Figure 2 displays changes in ICC and free chlorine residual during the first round of sampling in autumn. Flow cytometry results show repeatability between triplicate measurements and were consistent throughout the week. In both DWSSs, flow cytometry analysis of tap water samples was able to capture microbial growth as water traveled through the network. The highest intact cell counts are accompanied by lowest free chlorine concentrations in both networks at the oldest water sampling point. In DWSS A, the average water temperature was 14.1 °C leaving the treatment works. This increases through the network, reaching 16.1 °C at the oldest sampling point.
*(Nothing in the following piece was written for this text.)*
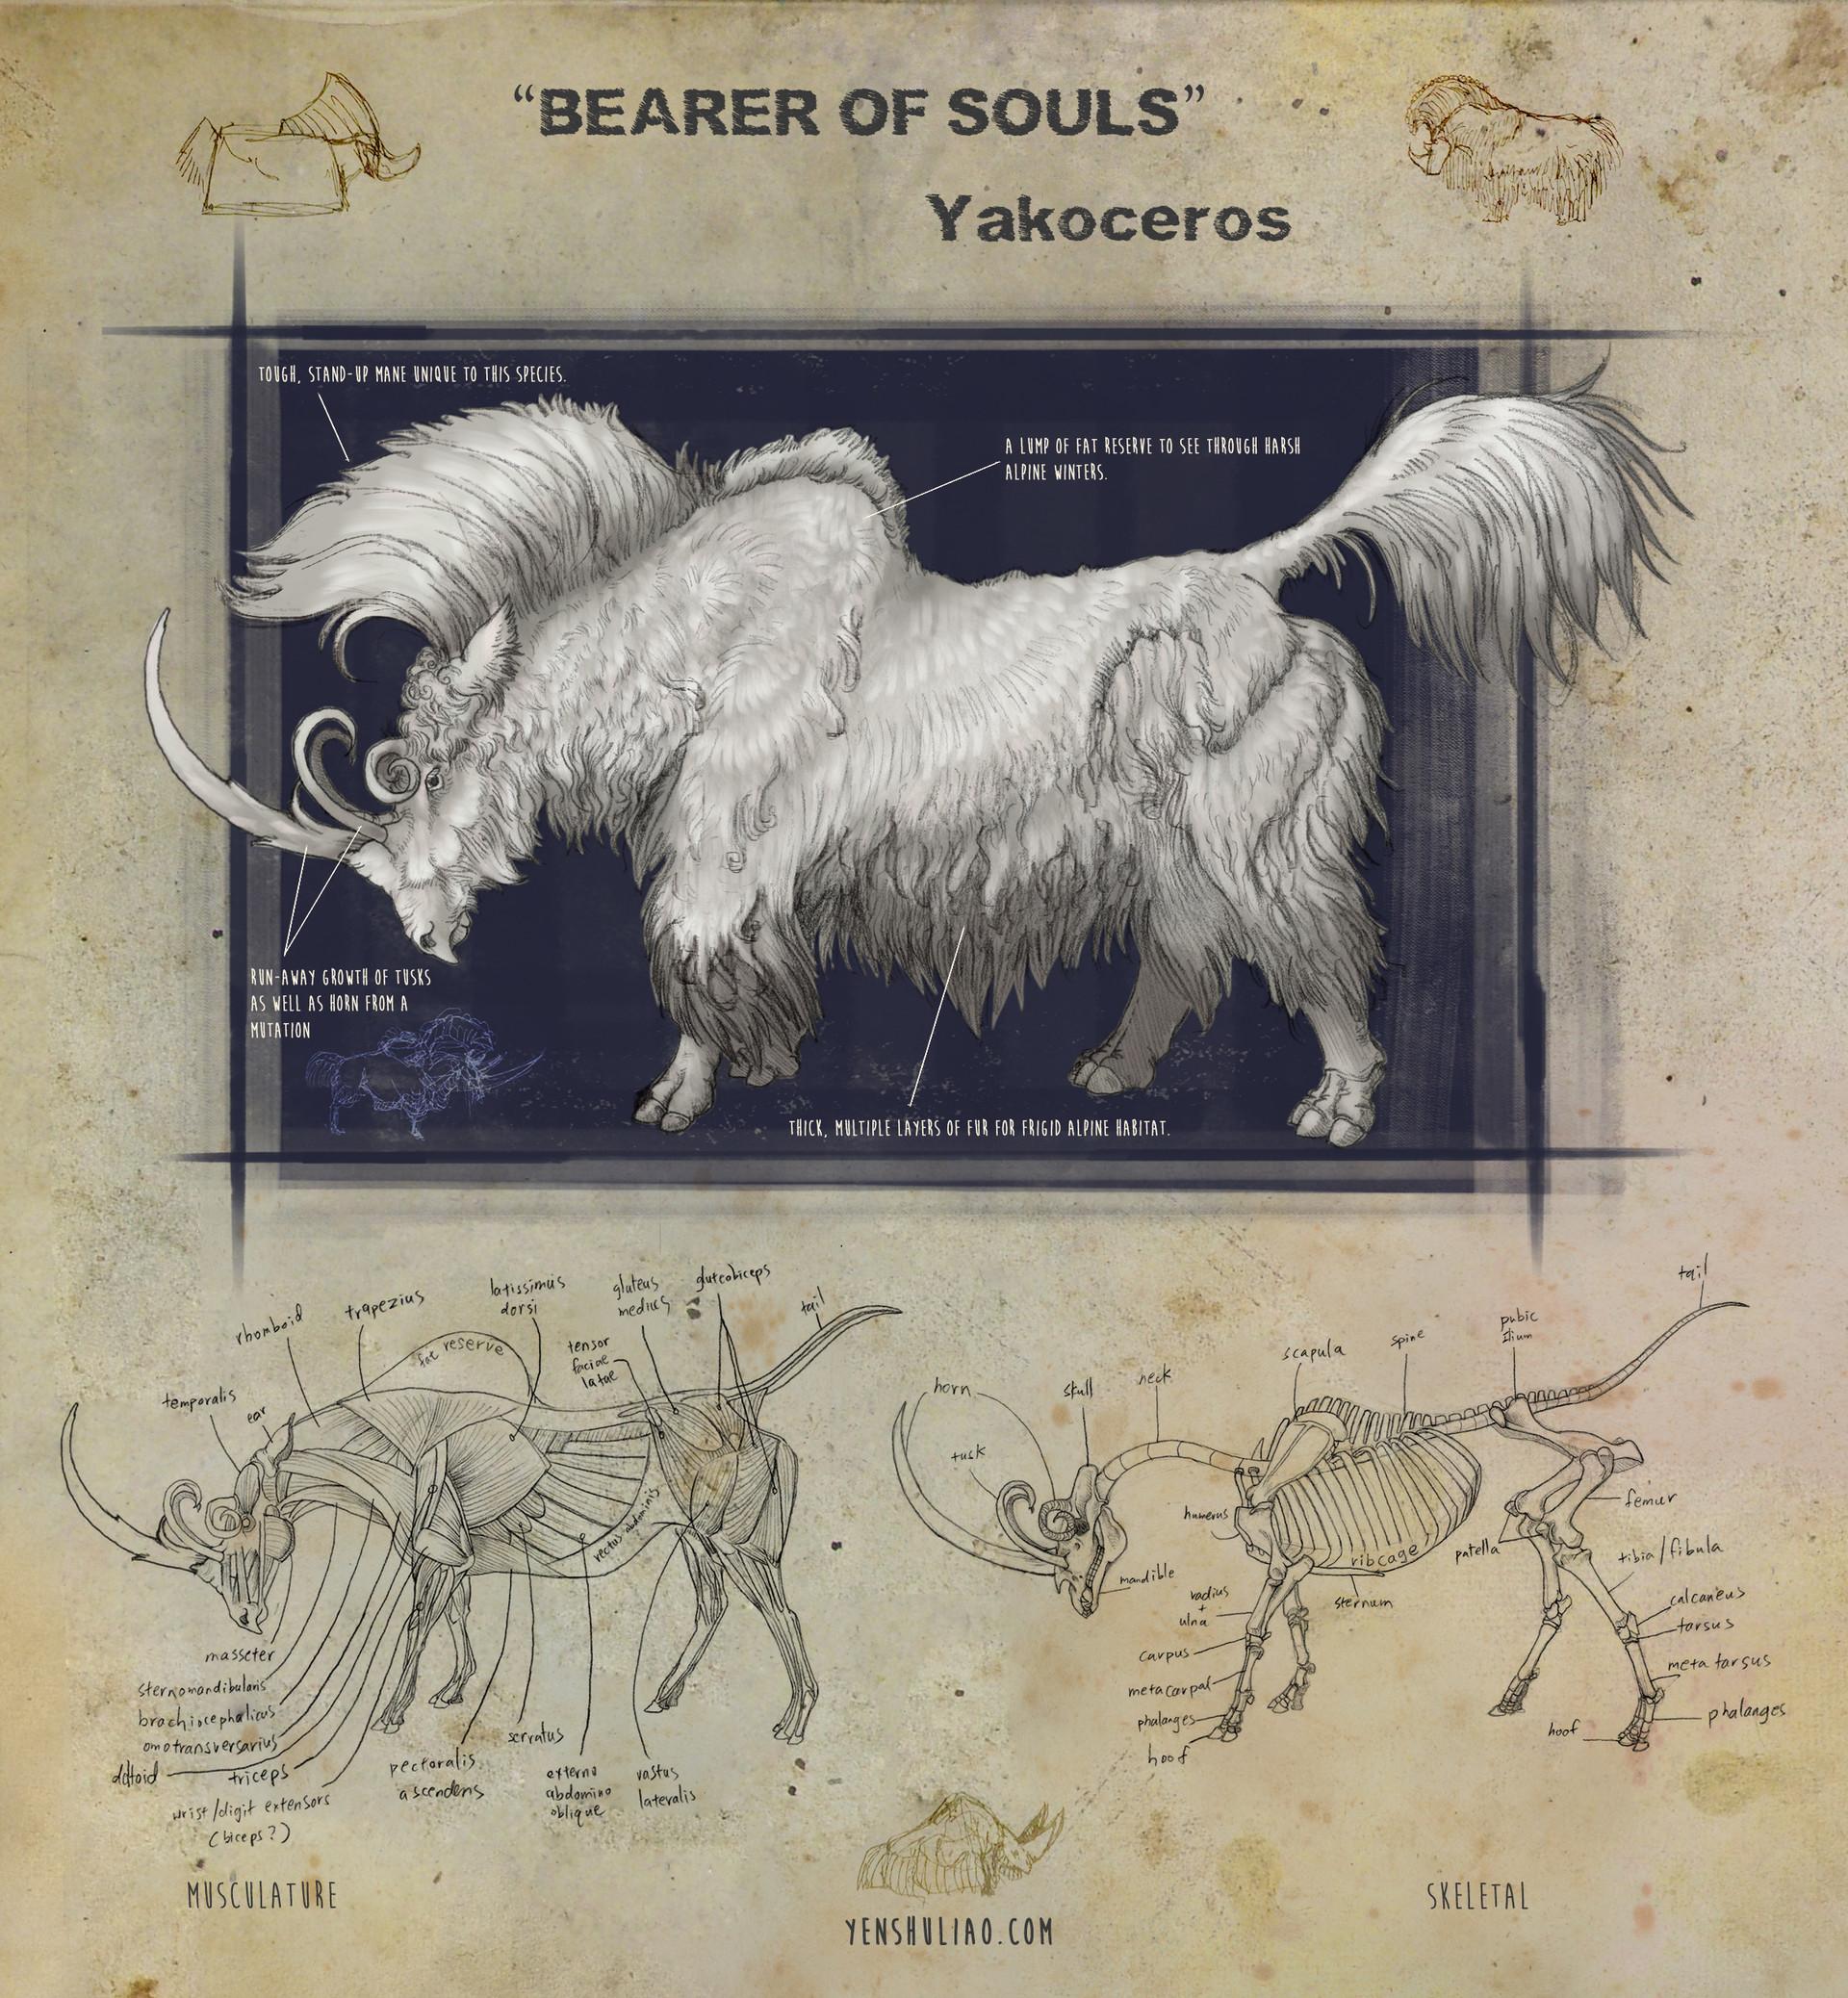 Bearer of Souls

Figure 3 displays changes in intact cell counts and free chlorine residual during the second round of sampling in winter. Water temperature leaving the treatment works of DWSS A averaged 4.8 °C and reached a maximum of 7.1 °C in the network. At considerably lower water temperatures, no growth or chlorine decay was observed in either of these systems, despite the addition of older water sampling points in DWSS B.

4. Discussion

This work studied changes in microbial concentrations in two operational DWSSs, from treatment to tap, going beyond typical flow cytometry sampling points at the water treatment works and service reservoirs. In DWSS A, considerable growth was observed at the furthest point of the network, with a threefold increase in intact cell counts compared to the outlet of the treatment and thirteenfold compared to the outlet of the reservoir for the first round of sampling. Similar results were observed for DWSS B, with an elevenfold increase in intact cell counts at the furthest network tap sampled in the first round of sampling. This suggests flow cytometry analysis of samples from customer taps can provide further unique insights into a systems’ biological (in)stability that cannot be conveyed by only sampling treatment works and service reservoirs. When sampling was repeated during winter, approximately three months later, no growth was observed at any of the sampling points. At lower temperatures, chlorine decay was less extensive, which was likely both a complex cause and effect of biological stability. Substantial seasonal differences have also been observed in previous studies [2,3,4,5], reinforcing the importance of considering seasonal variations when studying biological stability.

5. Conclusions

• Flow cytometry data from drinking water samples collected at network taps provided valuable insight into the systems’ biological stability by capturing growth beyond typical flow cytometry sampling analysis points (WTW and SR).
• Seasonal variations in biological stability were observed within two different systems. Both DWSSs were less stable, displaying more growth during autumn, when water temperatures reached 16 °C, but were completely stable during winter, when water temperatures reached a maximum of only 7 °C.
• Understanding the factors affecting growth of microorganisms from treatment works to tap can inform improved design and management of water distribution networks to assure delivery of safe and aesthetically pleasing drinking water.